News2026.05.18 10:00

Thirty roubles and panic in Brussels: the story of a channel that never existed

It took just thirty roubles and a provocative name to set off alarm bells across half of Europe. The rest was done by the very institutions meant to prevent such scenarios.

On March 11, 2026, Propastop – a blog run by volunteers from the Estonian Defence League and widely cited by NATO and Baltic mainstream media – published a warning about a niche Telegram channel. At that moment, the channel had only a few dozen subscribers, amateur graphics, and tongue-in-cheek slogans about the “autonomy of Narva”. One warning was enough for the channel to reach 50,000 daily views within days.

In March 2026, Estonia’s information space caught fire. It all began with the emergence of the “Narva People’s Republic” (NRL) on Telegram. The profile used a distinctive green-black-white flag, and its name was a direct reference to the separatist entities in eastern Ukraine.

Initially, the channel remained almost completely obscure. The posts – mainly memes, low-quality graphics, and sharp slogans – circulated only in the darker corners of the internet. The administrators invoked the right to self-determination, cited Kosovo as a precedent, and built a narrative of discrimination against Russian-speaking residents of Estonia.

Some of the slogans were intentionally clumsy. “Narvinians – that sounds proud,” they wrote. This phrase used the grammatically incorrect term Narvinians instead of the proper term Narvans, which immediately revealed the authors’ distance from the local community. Other messages included “Russian land stretches from Narva to Püssi” and “We are not alone!”, hinting at a larger force supposedly standing behind the project.

Doctored maps also circulated online, showing the Narva region cut off from the rest of Estonia. There were images of the removed Soviet tank monument with captions like: “It will return – but not as a monument.” The amateurish aesthetic was deliberate. The channel was meant to look like the work of “ordinary, rebellious citizens”.

Within days, the channel exploded. The authors later thanked Estonian officials for the “free advertising”. The uncomfortable truth is that without the institutional overreaction, almost no one would have heard of the project.

A project for thirty roubles

A journalistic investigation by Narva Gazette quickly exposed the reality behind the channel. NRL was not a social movement; it had no structures in Narva and no Kremlin funding. It was a meme project created by amateurs – the graphics and flags were produced almost for free.

The key piece of evidence was a Telegram sticker pack commissioned from a graphic designer in Cheboksary for exactly thirty roubles – roughly 35 euro cents. The designer confirmed the order from an anonymous user named “@narvasepar”. The group behind the project consisted of around twenty people scattered across Estonia, Russia, Turkey and Serbia.

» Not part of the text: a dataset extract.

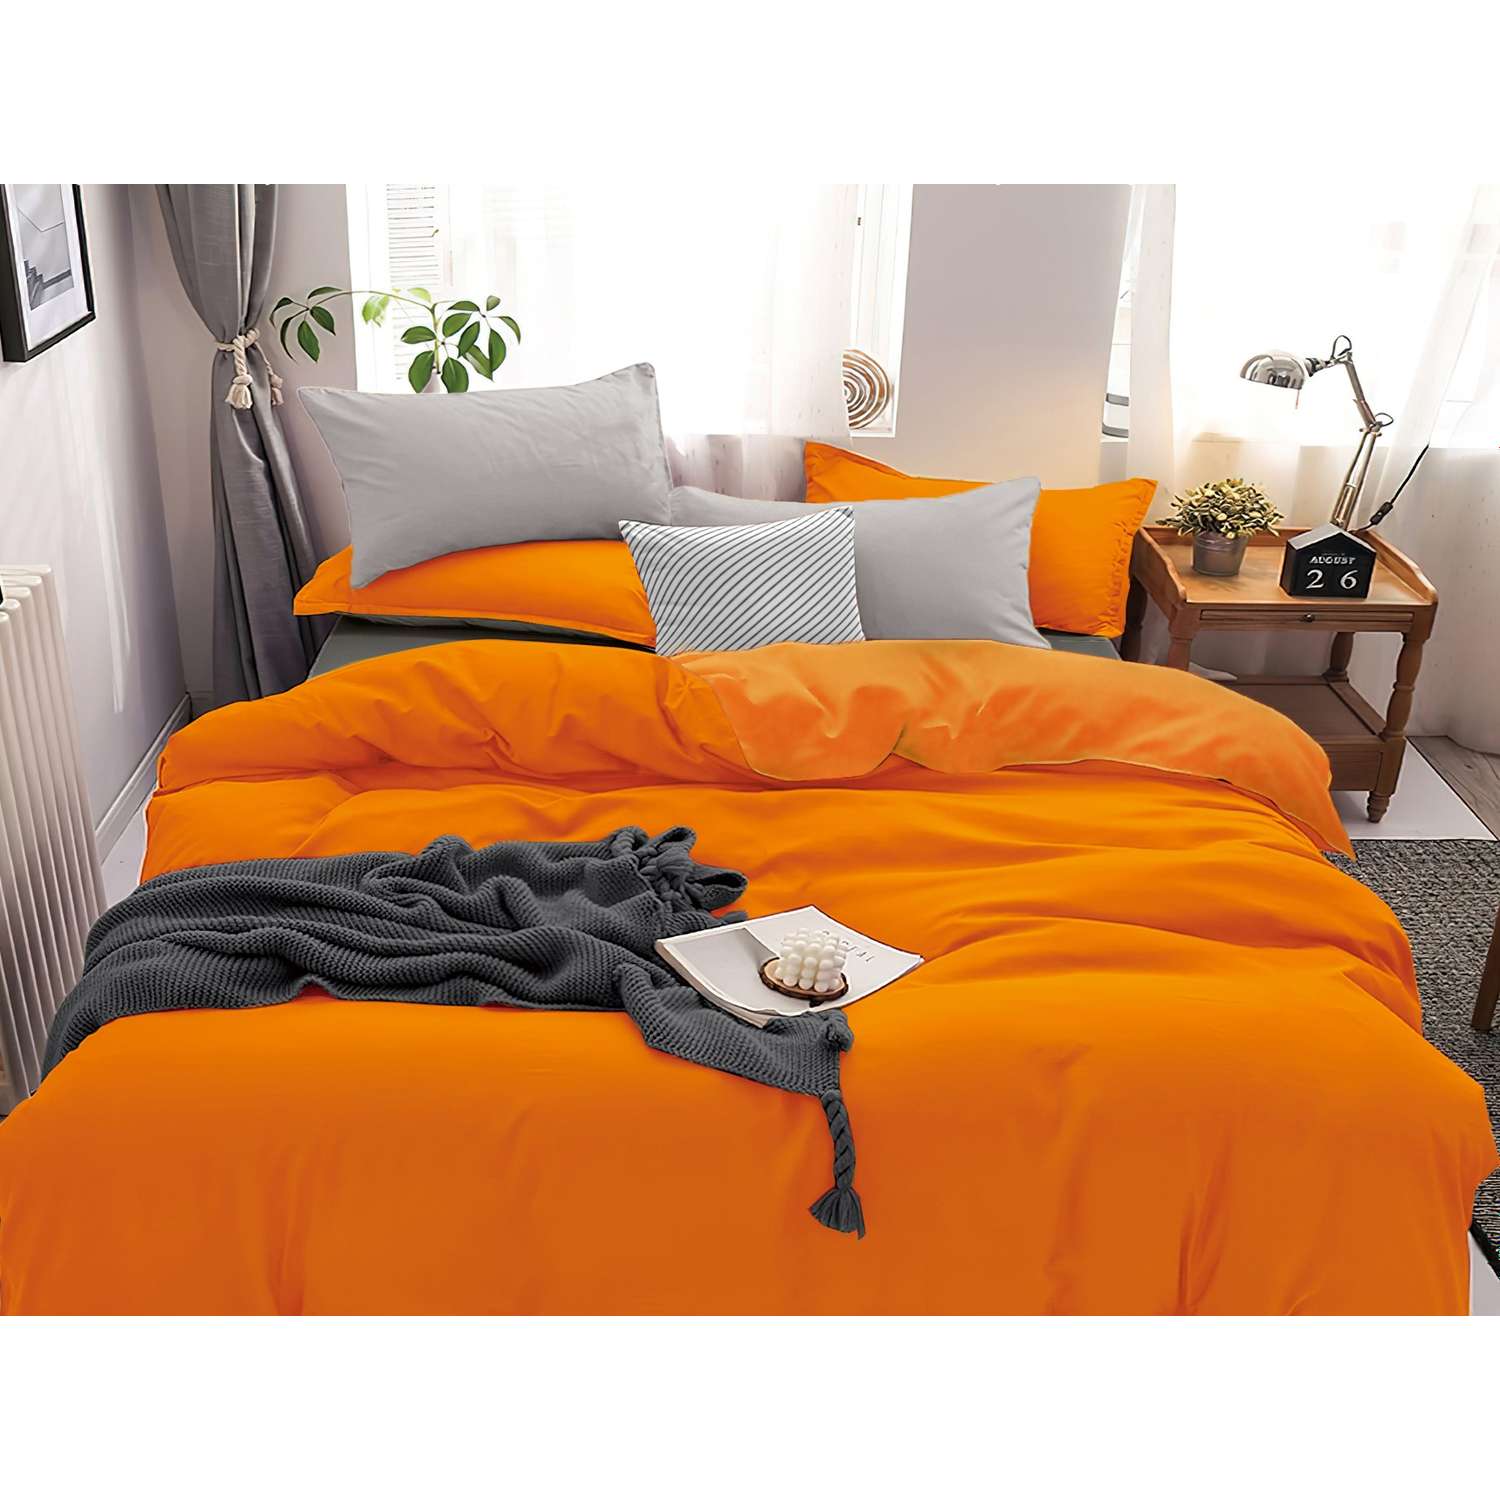 Комплект постельного белья PAVLine Манетти полисатин Евро оранжевый/серый S19 - фото 1

In interviews, the administrators were surprisingly candid. They admitted the idea came after the removal of the Soviet tank monument in Narva in August 2022. They wanted to mock what they saw as an obsession with monuments, choosing a frightening name simply to get attention. They were fully aware that pretending to be a separatist movement would irritate the authorities like a red rag to a bull.

The legacy of the hot summer of 1993

Why did Estonia react so nervously? The answer lies in history – specifically in July 1993. At the time, Estonia was a nascent state, still forging its institutions, currency and borders. Narva, a predominantly Russian-speaking city, felt adrift and uncertain of its place in the new republic.

In July 1993, Narva’s city council organised a referendum on autonomy. Over 97 percent of voters supported it, with turnout above 54 percent. While Estonia’s Supreme Court declared the vote illegal, the psychological scar remained. Narva became a symbol of a potential “fifth column”, a place where unrest could erupt at any moment.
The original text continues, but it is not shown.